Bifidobacterium breve

Scientific classification
- Domain: Bacteria
- Kingdom: Bacillati
- Phylum: Actinomycetota
- Class: Actinomycetes
- Order: Bifidobacteriales
- Family: Bifidobacteriaceae
- Genus: Bifidobacterium
- Species: B. breve
- Binomial name: Bifidobacterium breve Reuter 1963 (Approved Lists 1980)

= Bifidobacterium breve =

- Genus: Bifidobacterium
- Species: breve
- Authority: Reuter 1963 (Approved Lists 1980)

Species of bacterium

Bifidobacterium breve is a bacterial species of the genus Bifidobacterium which has probiotic properties. Bifidobacteria are a type of bacteria that live symbiotically in the intestines of humans. They have been used to treat a number of conditions including constipation, diarrhea, irritable bowel syndrome and even the cold and flu. Some of these uses have been backed up by scientific research, but others have not. B.breve also shows a stronger affinity for immature bowels than other species evidencing in its strong capabilities as a probiotic.

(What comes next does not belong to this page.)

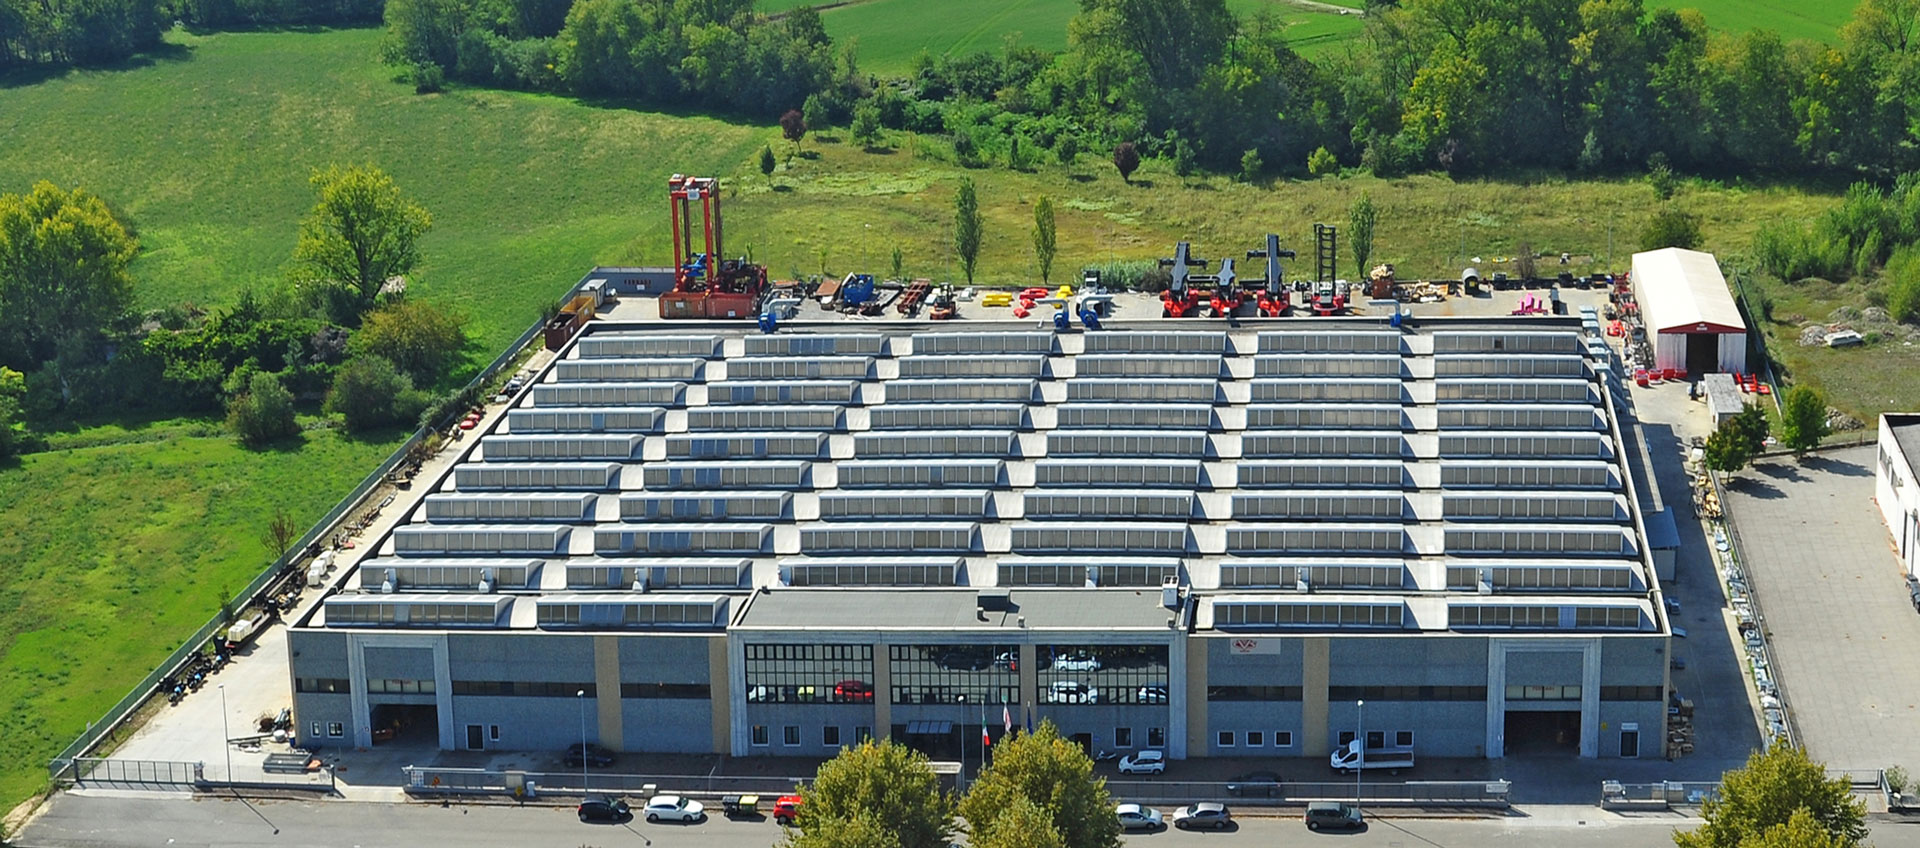 cvs ferrari - company facilities - rovereto

B. breve is a gram positive, anaerobic, rod shaped organism that is non motile and forms branches with its neighbours.

It is also a dominant species in the gut of breast-fed infants and can also be isolated from human milk. It has antimicrobial activity against human pathogens and does not possess transmissible antibiotic resistance traits. Not being cytotoxic, B.Breve has immune-stimulating abilities to prevent side infections in preterm newborns along with chemotherapy and during antibiotic treatments. Paediatric diseases in which symptoms have improved upon B. breve strains being administrated include: Infant colic, Celiac Disease, Obesity, constipation, infant prematurity and NEC.

B.Breve Yakult is another widely used probiotic strain and it is one of the first strains shown to have the ability to modulate the intestinal microbiota by reducing the count of several pathogenic bacteria such as campylobacter, Candida and Enterococcus.

== Clinical research ==
B. breve has been researched and linked to a number of conditions. Bifidobacterium breve administered in combination with prebiotics or other probiotics and standard therapy has shown some beneficial effect. B. breve is a constituent in the therapeutic, nutritional treatment of IBD. This proprietary, standardized, formulation of live bacteria is used to treat ulcerative colitis and may require a prescription. Taking Bifidobacteria in combination with Lactobacillus in normal Helicobacter pylori therapy makes the treatment twice as effective while reducing the negative side effects. Bifidobacteria can also be used to treat IBS as well, reducing pain, bloating and constipation.

B. breve may be linked to chronic obesity. A growing pool of evidence suggests that variations in the human gut microbiome correlate with excess weight gain. B. breve is a strong candidate for research concerning this issue. A study published in the Bioscience of Microbiota, Food and Health (BMFH) suggests that treating pre-obese patients with the B-3 strain of B. breve may stop or reverse obesity. However larger studies need to be performed to confirm these results.

Bifidobacteria and its link to stomach health are being researched along with its link to the brain through the microbiota gut–brain axis. Strain A1 of B. breve has undergone research concerning its effect on Alzheimer's. This research has consisted of mouse trials, and to date, shows promise in slowing or reversing the disease.

Gut colonisation begins at birth and there is evidence suggesting the existence of intrauterine transmission of maternal bacteria to the foetus. The way of childbirth strongly influences the first microbial colonisation of newborns gut. Children born by natural delivery tend to have an intestinal microbial profile that is similar to their mothers vaginal one while children born by caesarean develop a microbiota similar to that of the mothers skin.

Research also found that the type of feeding also affects the colonisation of microbial groups in the gut. The gut microbiota of forumal fed infants contain a lower amount of Bifidobacterium Breve with respect to breast-fed infants and this could be due to the abundance of these genera which have a more acidic pH in the colon of breast-fed infants.

For its properties as a probiotic, B. breve has also been found in food technology in the fermentation of milk. The positive effects associated to B. breve fermented soymilk has been reported in several studies, showing how it improves lipid metabolism, alcohol metabolism and mammary carcinogenesis in mice models.

== History ==
B. breve strains were originally isolated from the feces of human infants and represents one of the most used probiotics in infants. In 1971, Bifidobacterium parvulorum and Bifidobacterium breve were merged under the name Bifidobacterium breve. Bifidobacterium breve administered in combination with prebiotics, probiotics and standard therapy has shown some beneficial effect on gut health. B. breve is a constituent in the therapeutic, nutritional treatment of IBD. This proprietary, standardized, formulation of live bacteria is used to treat ulcerative colitis and may require a prescription.

== Characteristics ==
B. breve strains can ferment mannitol and sorbitol, but not arabinose or xylose.